В обеденном зале они застали одного единственного посетителя. Видимо другие пассажиры проголодаться еще не успели. Старичок чинно сидел за столиком и перебирал вилкой в тарелке разноцветный салат, рядом, упираясь в стакан с компотом, стоял приличных размеров прозрачный контейнер, а в нем... «Брокколи?» – удивился Вадик. Неужели профессор, как про себя обозвал старичка мальчишка за очки и бородку клинышком, неужели он так любит этот мало съедобный овощ? Брокколи Вадик ненавидел... наверно, сказать «всем сердцем» будет неправильно. Пусть будет «всеми своими вкусовыми рецепторами», и даже больше «всеми нервными окончаниями», он ненавидел брокколи даже больше чем овсянку.
Старичок, как выяснилось позже, минут через пять, и вправду оказался профессором. Он приветливо кивнул вежливой Светке, пожелавшей ему приятного аппетита, отодвинул от себя тарелку с салатом и спросил, чего бы желали отведать молодые люди, котлет или мороженного?
– Да, вот так вот, что же теперь... Ничего не поделаешь. Не все может понять и объяснить медицинская наука. Казалось бы, сердце – ведь просто мышца, вырасти новую ткань, замени сосуды, и все. Нет, далеко не всегда помогает. Недаром в древности полагали, что человеческая душа помещается именно в сердце. – Корабельный врач развел большими пухлыми ладоням.
Николай Генрихович умер ночью. У сто пятнадцатилетнего профессора астрозоологии остановилось сердце.
Вадик хмурился, Света, опустив глаза, то и дело смаргивала ресницами, Семен Андреевич шмыгал носом. Врач вдвоем с капитаном корабля осторожно взяли тело сухонького старика и перенесли на платформу антигравитационных носилок. Врач вздохнул, хлопнул Вадика по плечу и вытолкнул платформу в коридор. Следом направился и капитан, однако в дверях остановился и попросил:
– Будете уходить, дверь захлопните. Стоять молча в опустевшей каюте было глупо, но нарушить тишину... Хотя тишина с приходом человека всегда отступает, благо здесь есть куда ей отступить. За обшивкой корабля всегда покой и самое настоящее безмолвие. В безмолвии вырываются потоки плазмы, включившегося маршевого двигателя, безмолвно сталкиваются крошечные песчинки микрометиоров с барьером защитного поля 'Барбоса', безмолвно где-то в сотнях или в миллионах парсеков взрываются и гаснут звезды. А в каюте профессора еще слышны шаги ушедшего капитана, слабый шелест воздуха в вентиляции и еще какие-то звуки, похожие... Вадик слышал похожие на Земле, осенью роботы-дворники с таким звуком выгребают опавшие листья из луж. Но какие же тут листья, да и лужи... Конечно, на корабле другие роботы, и занятия у них другие.
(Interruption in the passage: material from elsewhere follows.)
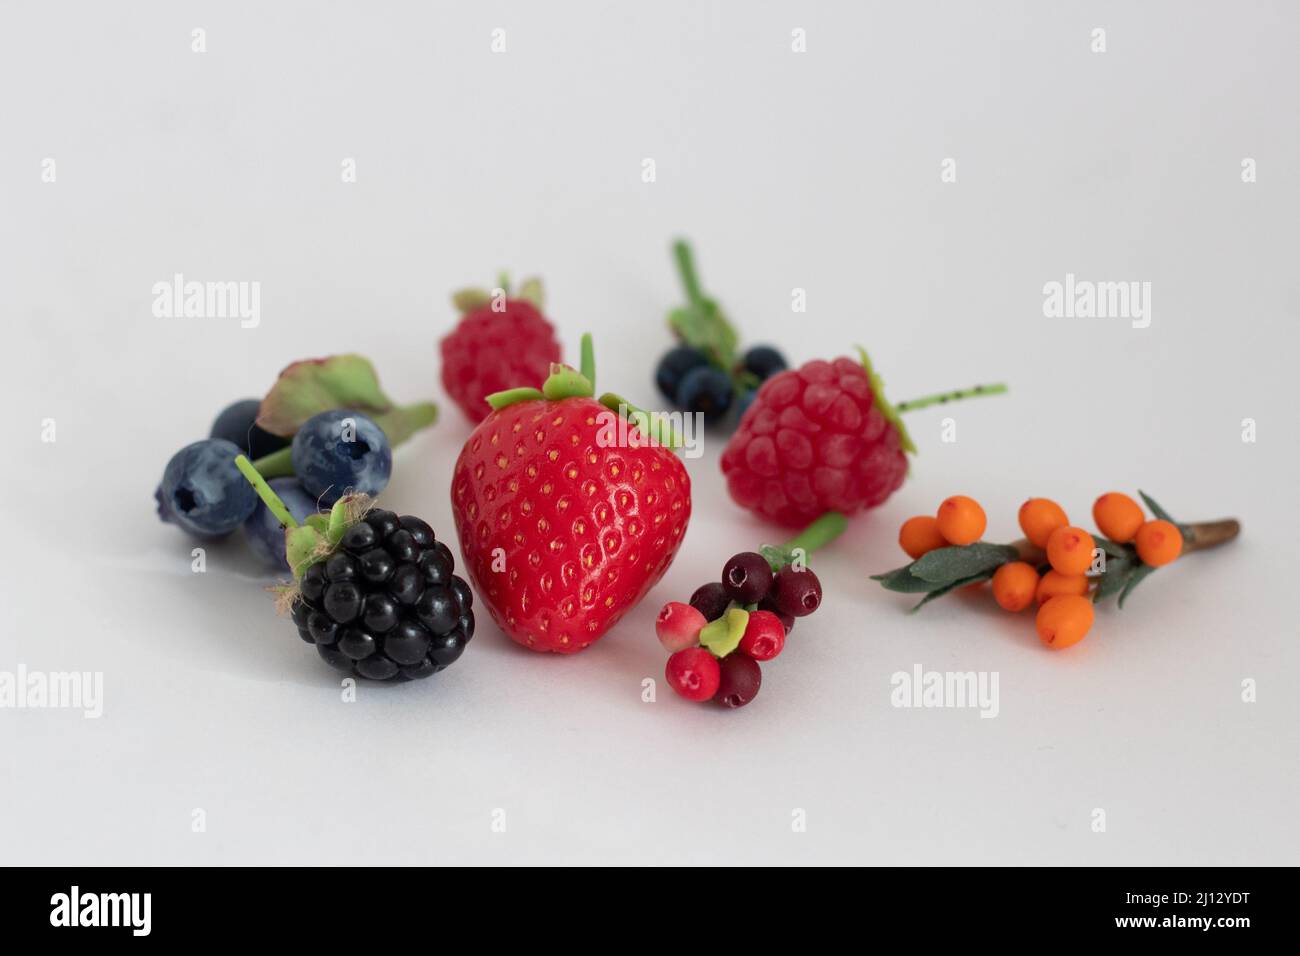 Miniature figures of strawberries, blackberries, raspberries, blueberries, blueberries, cranberries and cranberries Stock Photo

Света вдруг присела и откуда-то из-под кровати вытащила широкий пояс с магнитной пряжкой.
– Сорок девятый сектор гамма квадранта, эф девятнадцать ноль четыре, – прочитала она буквы лазерной гравировки на пряжке. – Что это? – спросила она у потянувшегося к находке брата. Семен Андреевич пожал плечами.
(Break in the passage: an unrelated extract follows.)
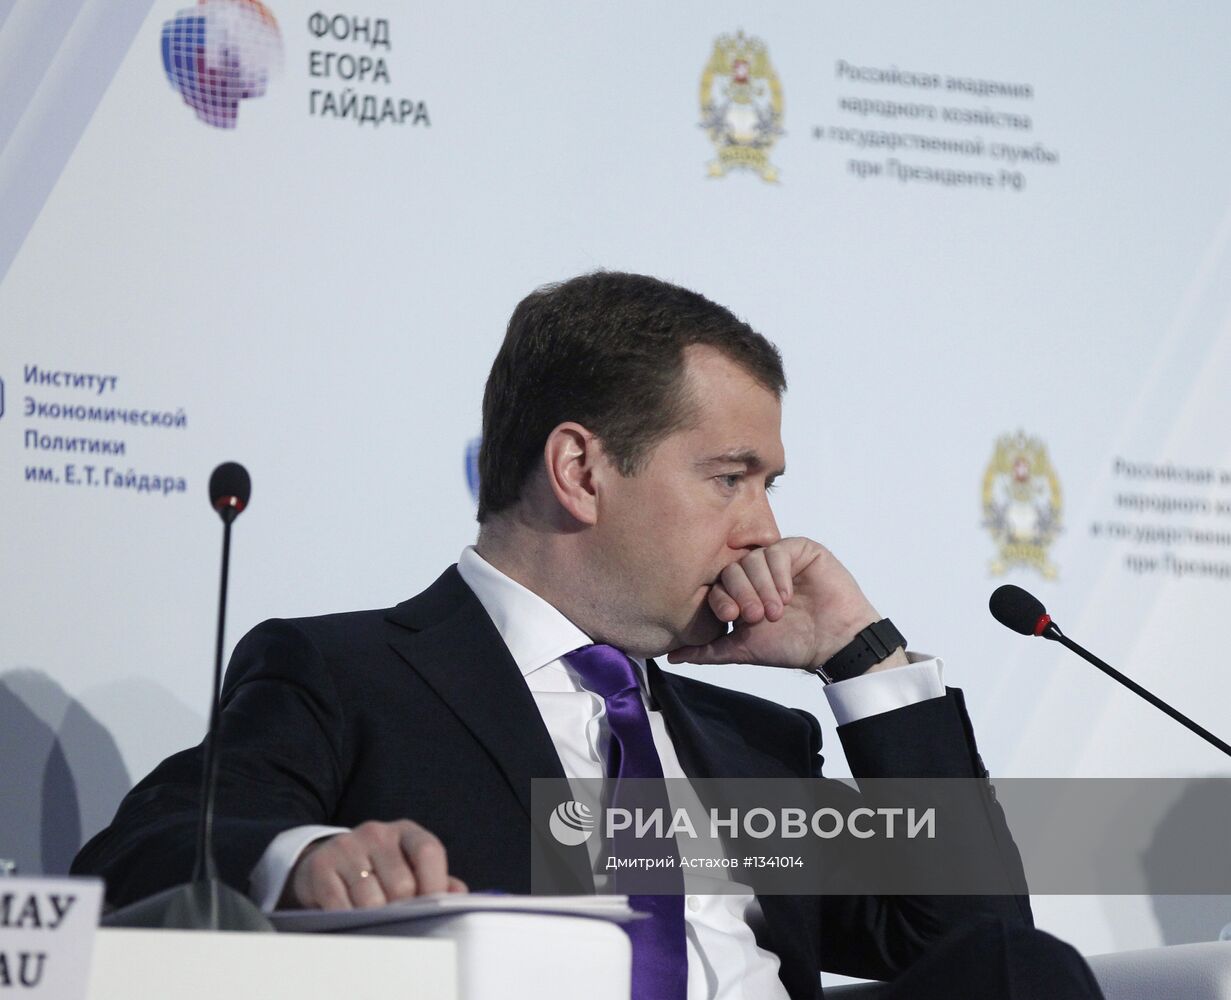 Д.Медведев на Гайдаровском форуме в Москве

– Это координаты, подсказал Вадик. Сорок девятый сектор третьего галактического квадранта, четвертая планета звезды Эф девятнадцать.
* * *
От чего он проснулся, Михаил так сразу и не сообразил. Сел на узкой койке, и тогда только почувствовал – руки стали тяжелей, немного, но все же. Подумал: 'Увеличиваем скорость. С чего бы? Опоздание-то смешное.' Щелкнул выключателем, зажигая ночник. Кровать сына была пуста.
Михаил потер глаза, освобождаясь от остатков сна, и обнаружил записку. Буквы были написаны от руки, хотя сам листок торчал, воткнутый в щель печатающего устройства коммуникатора. 'Папа, не волнуйся, все буде нормально' – гласило послание. 'Хм' – это было все, что пришло на ум Михаилу Валерьевичу Брянцеву, да и сказать что-то более определенное главный инженер ЧМГО, Четвертого Меркурианского Горнообогатительного Объединения, пока не мог. Часы на стене моргнули, сменив цифры 04:38 на 04:39.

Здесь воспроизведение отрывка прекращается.